Type A MCQs are made of a stem that may have a leading question followed by four or three distractors and one key answer [4]. Distractors should appear similar to the key answer and convey a miss concept about the key (best) answer. Technically, distractors should be homogenous and devoid of grammatical and style errors [3, 20, 21]. The DE is the ability of distractors to distract the students from the key answer [22]. A functioning distractor (FD) can distract students from the key answer and is selected by more than 5% of the examinees [23, 24]. Any option chosen by less than 5% of the examinee is counted as a non-functional distractor (NFD) [24]. Because NFD can be identified and eliminated easily by all students, it makes items easier, impacts its discrimination power, and will have low efficiency [3, 15, 22, 25, 26].
Many studies and research work discussed the relationship between the different parameters of item analysis such as difficulty index, discrimination index, and exam reliability, as well as their relation and impact on each other [27,28,29,30]. The research work about DE is less. There is a gap in knowledge about the relation between DE and other parameters of item analysis. Also, there is a gap in knowledge about how DE impacts exam reliability, discrimination index, and difficulty index. NFDs in items have many causes, such as defective construction and low cognitive levels, mastering the content material from which the items were constructed, or repeated use of the item [31]. Some causes of NFD are related to item constructors and others to curriculum and blueprinting. Shedding light on the effect of DE on exam reliability, difficulty index, and discrimination index will stimulate more focus on the training of item constructors, curriculum mapping, and the importance of blueprinting.
This study was conducted to evaluate the impact of the DE on the difficulty and discrimination indices. The study findings and discussion will benefit academics interested in educational assessment, curriculum design, and mapping.
Methods
Study design and sampling
The study design is a cross-sectional, analytic study [32]. It was conducted at the College of Medicine, University of Bisha, from April to June 2023. The sampling technique covers the total coverage of registered students in level two on the course of the principle of human diseases.

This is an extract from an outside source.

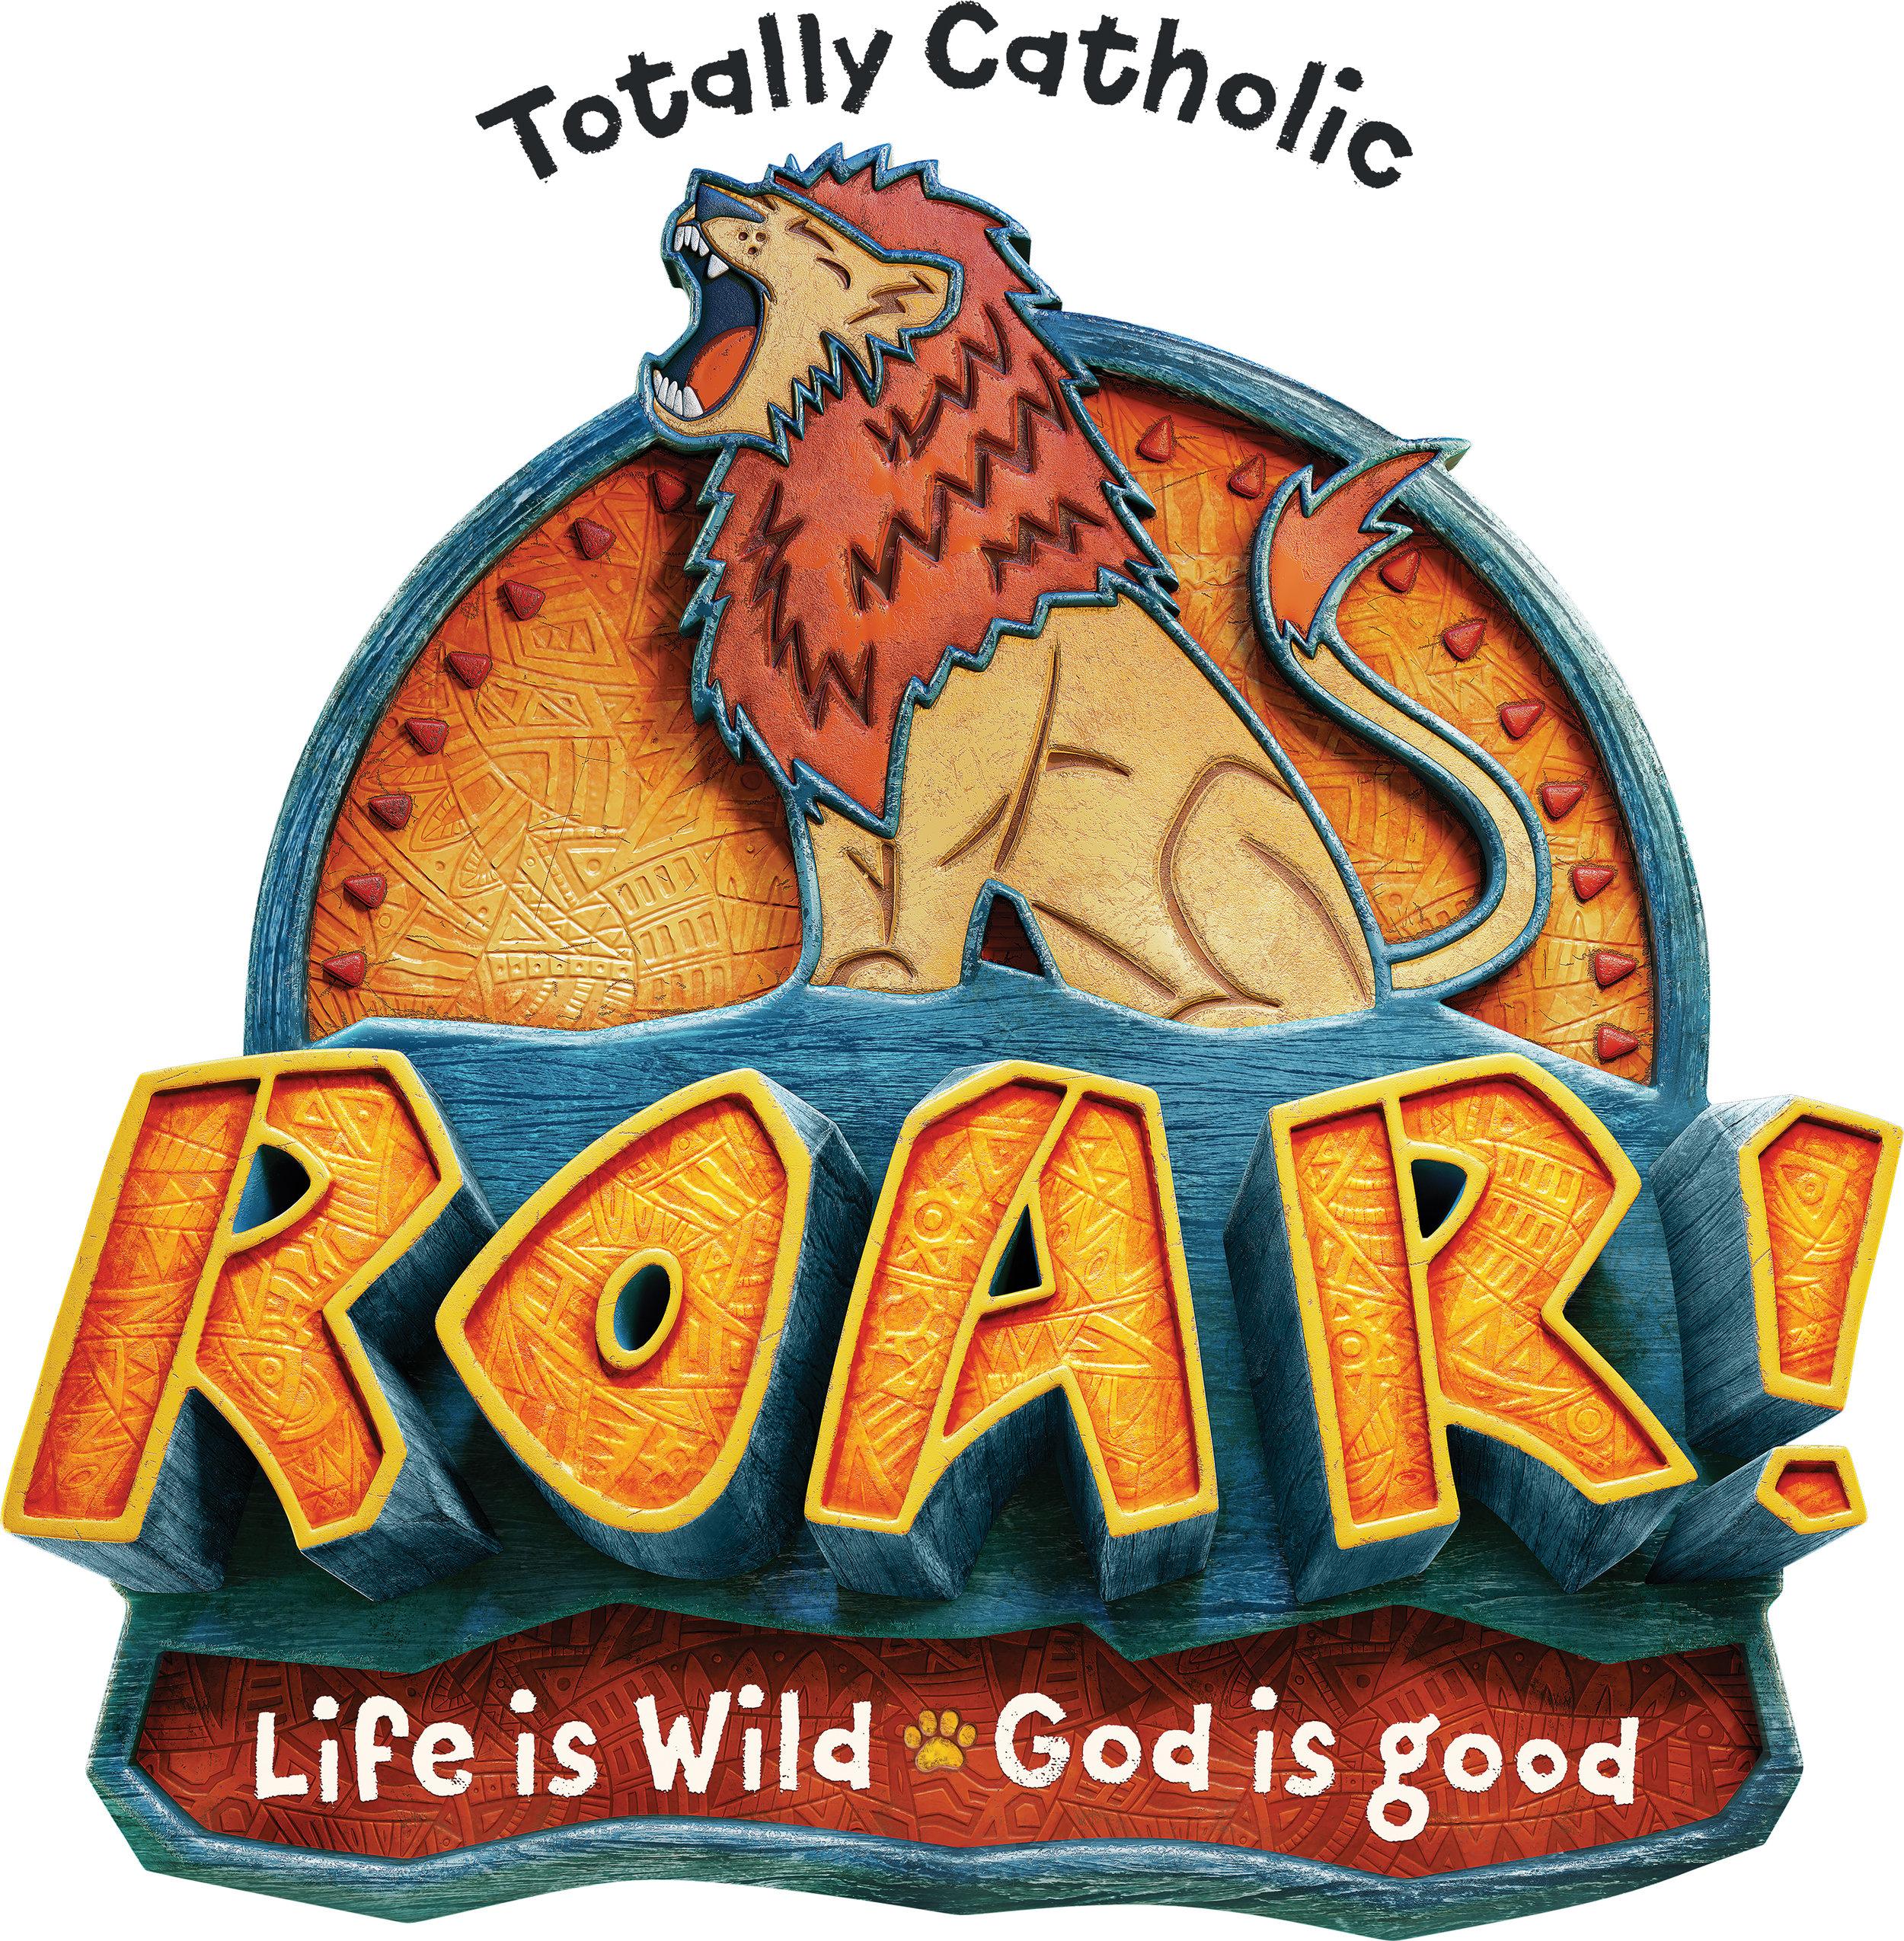 roar-osv-vbs-logo-HiRes-RGB.jpg

The study population is students in level two in the College of Medicine. The students were from the annual university intake and studied the same curriculum in secondary school and first year at the College of Medicine. Thus, the study group is considered homogenous, and differences among them were considered due to their abilities and responses to items.
Study context
The study utilized a standard item (psychometric) analysis of the final exam of the principle of human diseases course. The course is an integrated, multidisciplinary implemented in semester two of the second year. The total number of registered students on the course is 45. The students represent one patch taught by the same staff members in the educational environment. The total number of evaluated exam papers was 45. The student’s age and GPA were obtained from the student’s registration office.

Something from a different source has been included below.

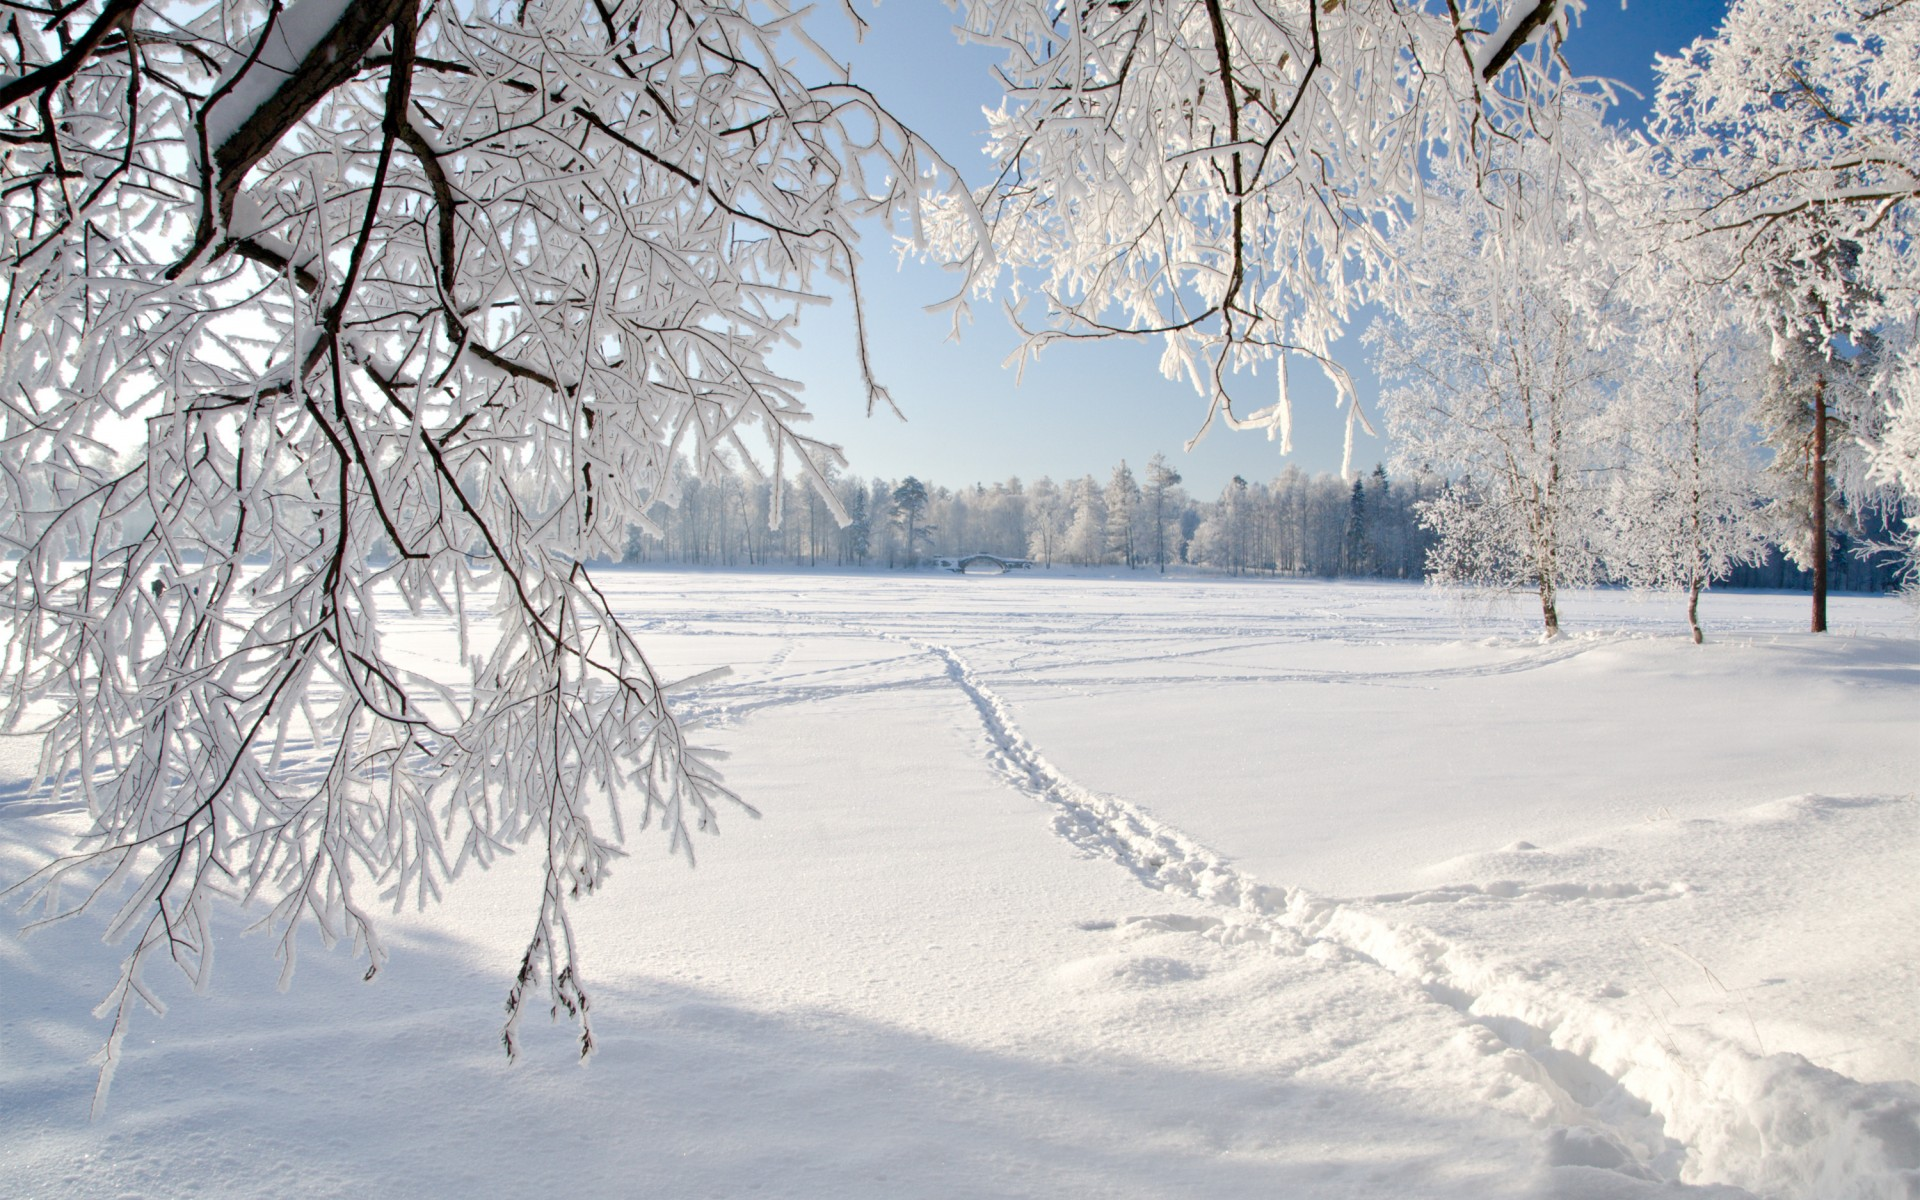 Snowy Trees Winter HD Wallpaper 1920x1200

The course’s final exam comprised 60 items (type A MCQs). Each item is formed of a stem followed by three distractors and a single best answer. Following the exam, the student’s answer sheets were checked, verified, and scanned by Apperson, Data Link 1200 scanner. On exam marking, there is no penalty for blank or wrong answers. The exam scanner provides a standard item analysis obtained and processed for the study.
Calculation parameters of item analysis
Item DIF (easiness, P-value of item, absolute difficulty) is calculated as the percentage of examinees who score the item correctly. The value of DIF ranges from 0 to 100%. Items with DIF ≥ 78% are considered easy, items in the 78–25% range are acceptable and those less than 25% are difficult [14, 28, 33]. DIS is an item’s ability to discriminate between higher and lower (27%) achievers in the concerned item. The value of DIS ranges from − 1.00 to + 1.00. Negative items are non-discriminating, while the positives are discriminating. The discriminating items are categorized as poor (≤ 20), acceptable (0.21 to 0.24), good (0.25–0.34), and excellent (≥ 0.35) discriminating [14, 28, 33, 34]. The DE assesses the credibility of the items’ distractors to distract the examinee from the best answer. Each distracter selected by more than 5% of the examinees is considered a functioning distractor (FD), and those chosen by less than 5% are considered non-functioning distractors (NFD). Items are classified according to the numbers of NFDs to excellent (NFDs = 0), good (NFDs = 1), acceptable (NFDs = 2), and poor (NFDs = 3) [3, 15, 22, 28, 33, 35].
Statistical analyses
The data obtained from the item analysis were categorized, tabulated in Excel, and analyzed by SPSS V27 (Armonk, NY: I.B.M. Corp, U.S.A.). Categorical data were presented as frequencies and percentages. The Pearson correlation test measured the correlation between discrimination, difficulty indexes, and distractor efficiency. The significance level was 95%, and any P < 0.05 was considered significant.
Results
The total number of examinees in the final exam of the principle of human diseases was 45. The mean (M), and standard deviation (SD) of the examinees’ age was 20.5 (0.97). The M (SD) of the examinee’s GPA was 3.9 (0.59).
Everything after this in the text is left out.